Вскоре после Малеевки я встретился с Горьким, и он попрекнул меня тем, что я не замечаю красоты этого цветка.
— Может быть, попадете когда-нибудь в Италию, — сказал он. — Там вы повсюду увидите такую пышную герань, что от нее не оторвешь взгляда. А у нас лучшую герань выращивают, по-моему, в Новгороде Великом. Все пригородные слободки этого чудесного города просто горят шарлаховой геранью. Вы были в Новгороде Великом?
— Нет, не был.
— Обязательно поезжайте. Обязательно! Попьете у слободских старушек липового чая. Удивительный вкус, но, правда, на любителя.
Он побарабанил пальцами по столу и добавил:
— Местная особенность! Люблю местные особенности. Из них, как бы из густых красок, на полотне рисуется Россия. Вы любите художника Кустодиева?
— Очень.
— Все это явления одного порядка, — сказал Горький, следя за витиеватым дымком от своей длинной и тонкой папиросы. — Кустодиев, ярмарочные балаганы, выгоны в мураве, щепной духовитый товар, шали на плечах волжских красавиц, мезонины, герань на подоконниках, румяные закаты — именно те, что так славно отражаются в самоварах, мальчишки с расписными пряниками… Чудесный художник! Чудесный! Стихи любите? — спросил он неожиданно.
— Да. Но по-своему.
— Как это «по-своему»?
— Я не могу прочесть больше двух-трех стихотворений в день. Но эти два-три стихотворения я запоминаю надолго, иной раз на всю жизнь.
— Завидное качество, — сказал Горький, снова постучал пальцами по столу и добавил, глядя в сторону: — А я вот уже не могу. Склероз, что ли? А кем вы, милостивый государь, сейчас увлекаетесь?
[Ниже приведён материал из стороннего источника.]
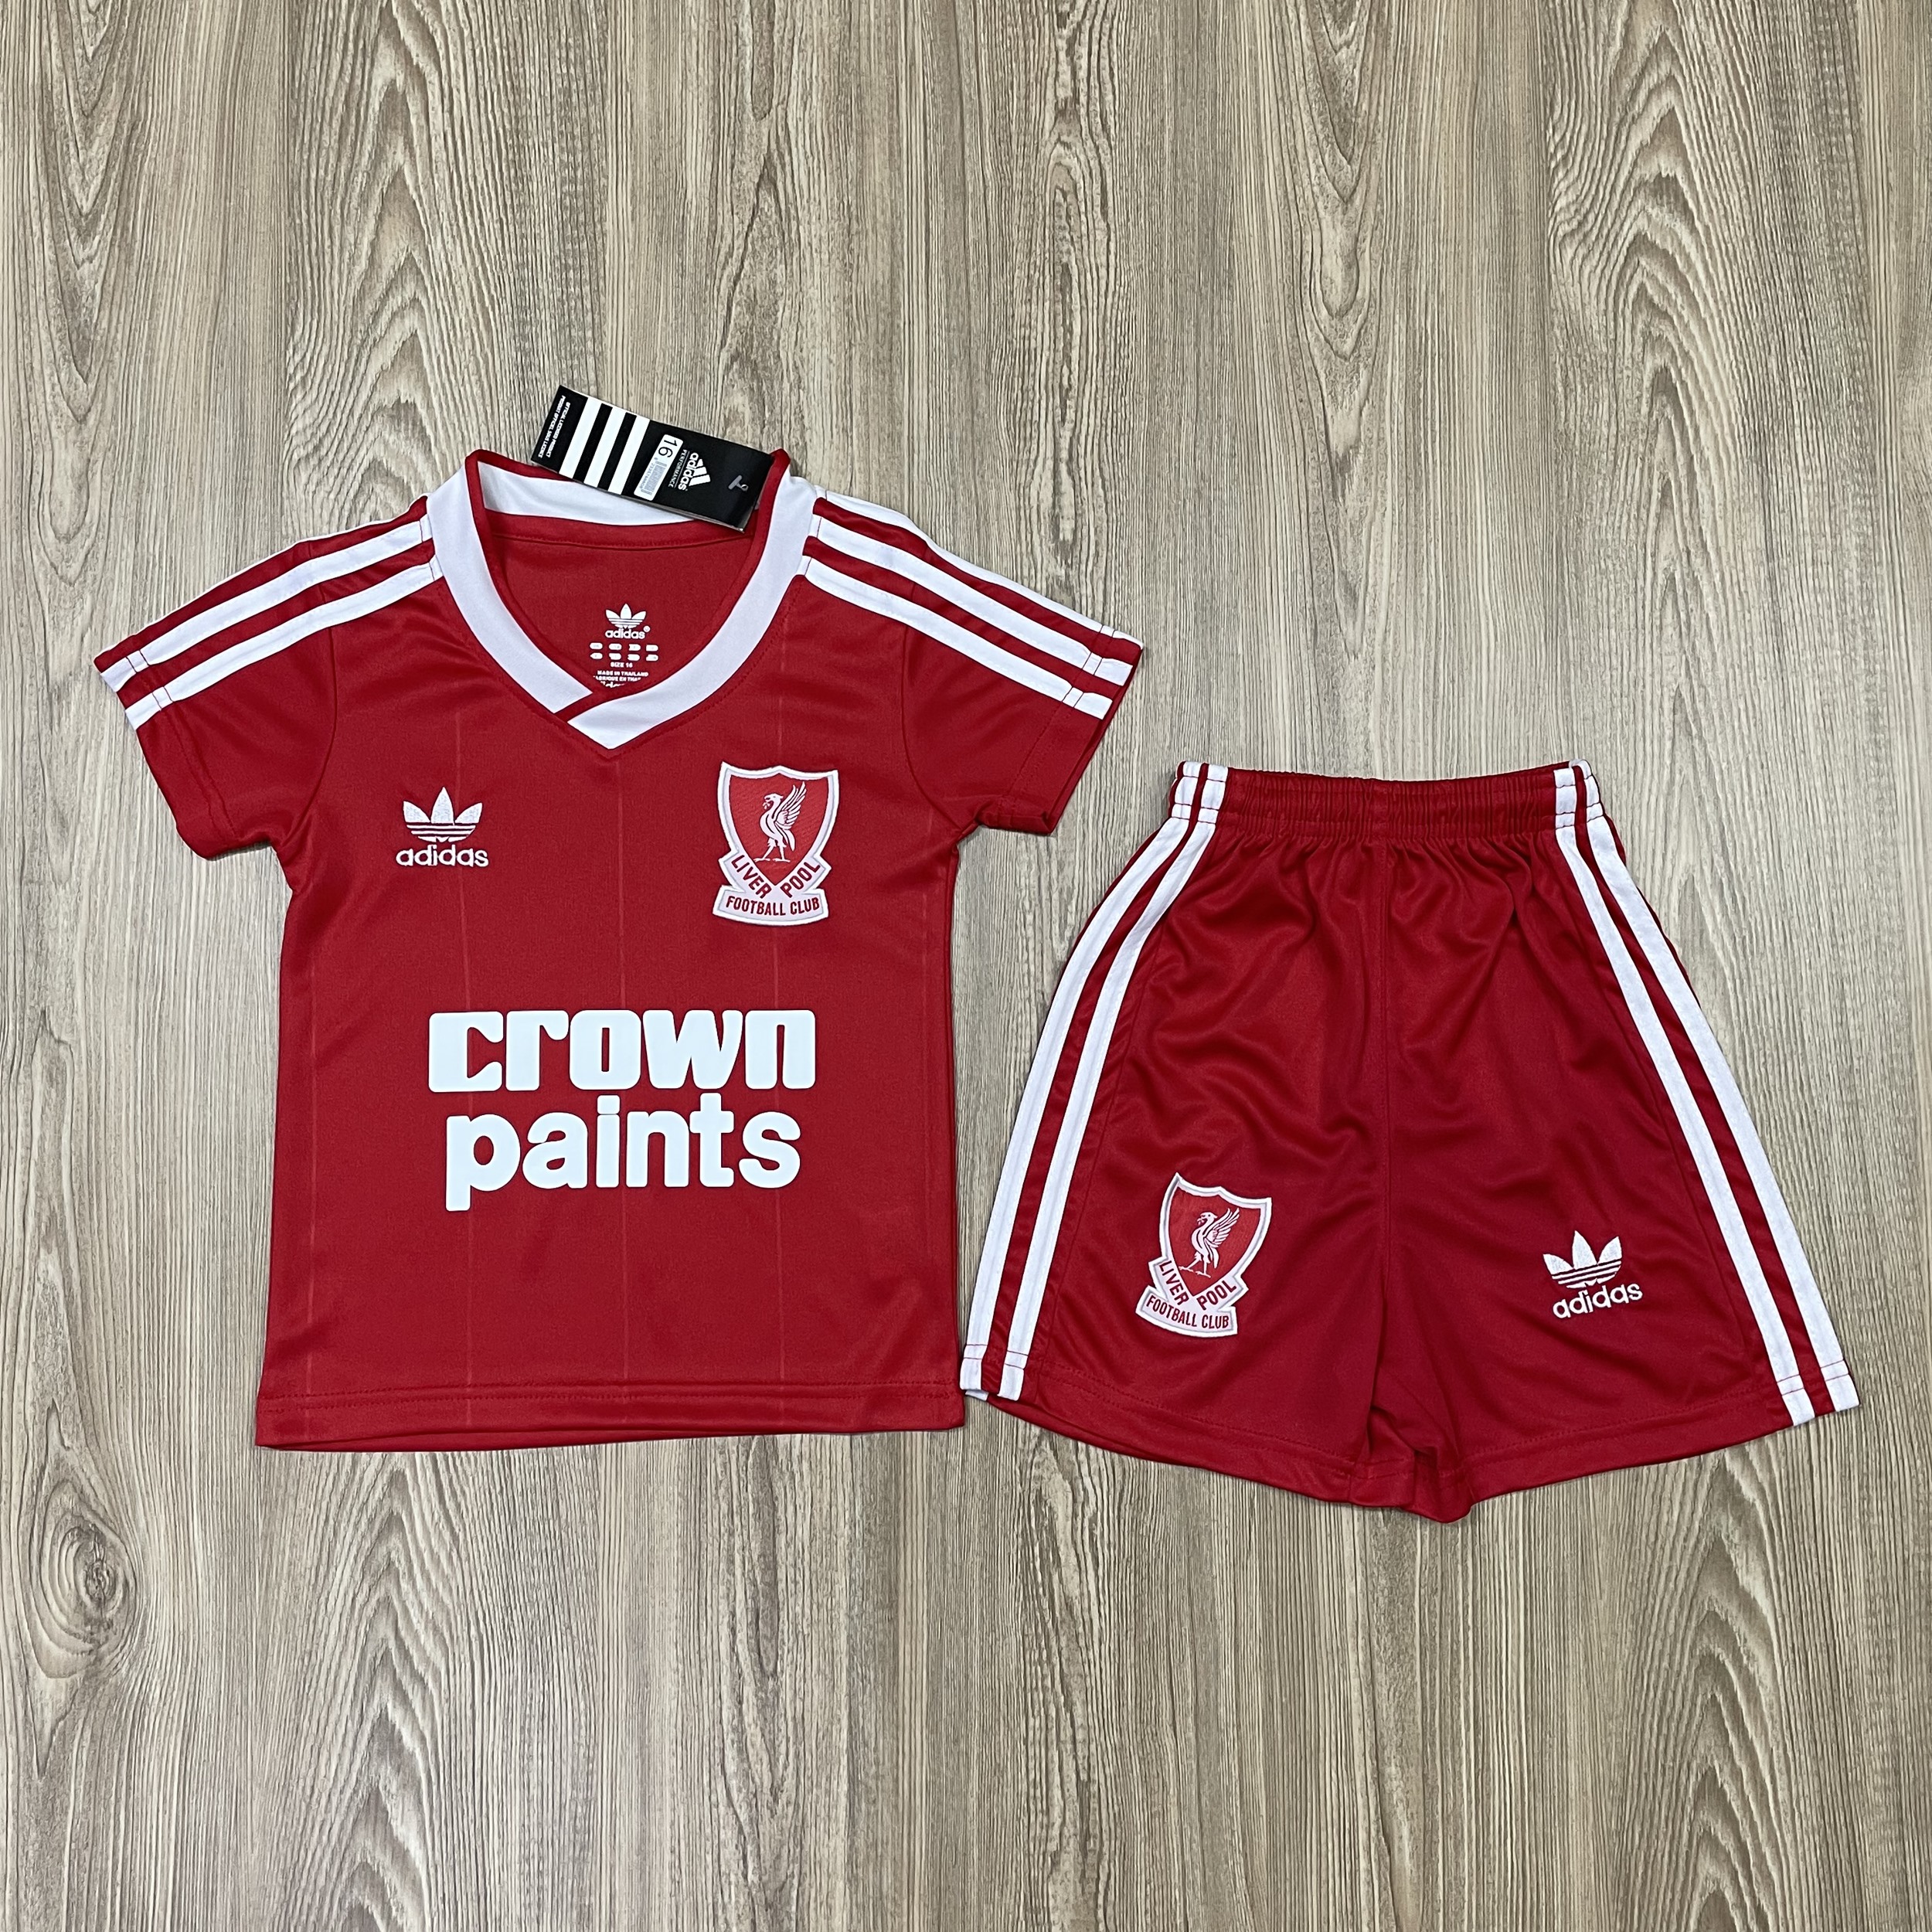 ชุดบอลเด็ก Liverpool ชุดกีฬาเด็ก ทีมลิเวอร์พูล เสื้อบาซ่า  ซื้อครั้งเดียวได้ทั้งชุด (เสื้อ+กางเกง) ตัวเดียวในราคาส่ง สินค้าเกรด-A

Из современных поэтов.
— Блоком. И Пастернаком.
— Богато живете! — заметил Горький. — Это похвально. Каких только чудес не наслушаешься у поэтов. А я все-таки больше всего люблю Пушкина. «Буря мглою небо кроет». Помните? «Выпьем, добрая подружка бедной юности моей».
Он пропел эти слова своим басом и задумался.
— Вот поезжайте в Новгород Великий. Там этих добрых подружек, как Арина Родионовна, полно. От них вроде и началась русская поэзия.
В ту осень в Малеевке я много читал поэтов — Васильева, Светлова, Заболоцкого, Пастернака. Я не удержался и прочел Горькому по нескольку любимых строк из этих поэтов. Он неожиданно растрогался.
— Как, как? — спросил он. — Прочтите еще раз.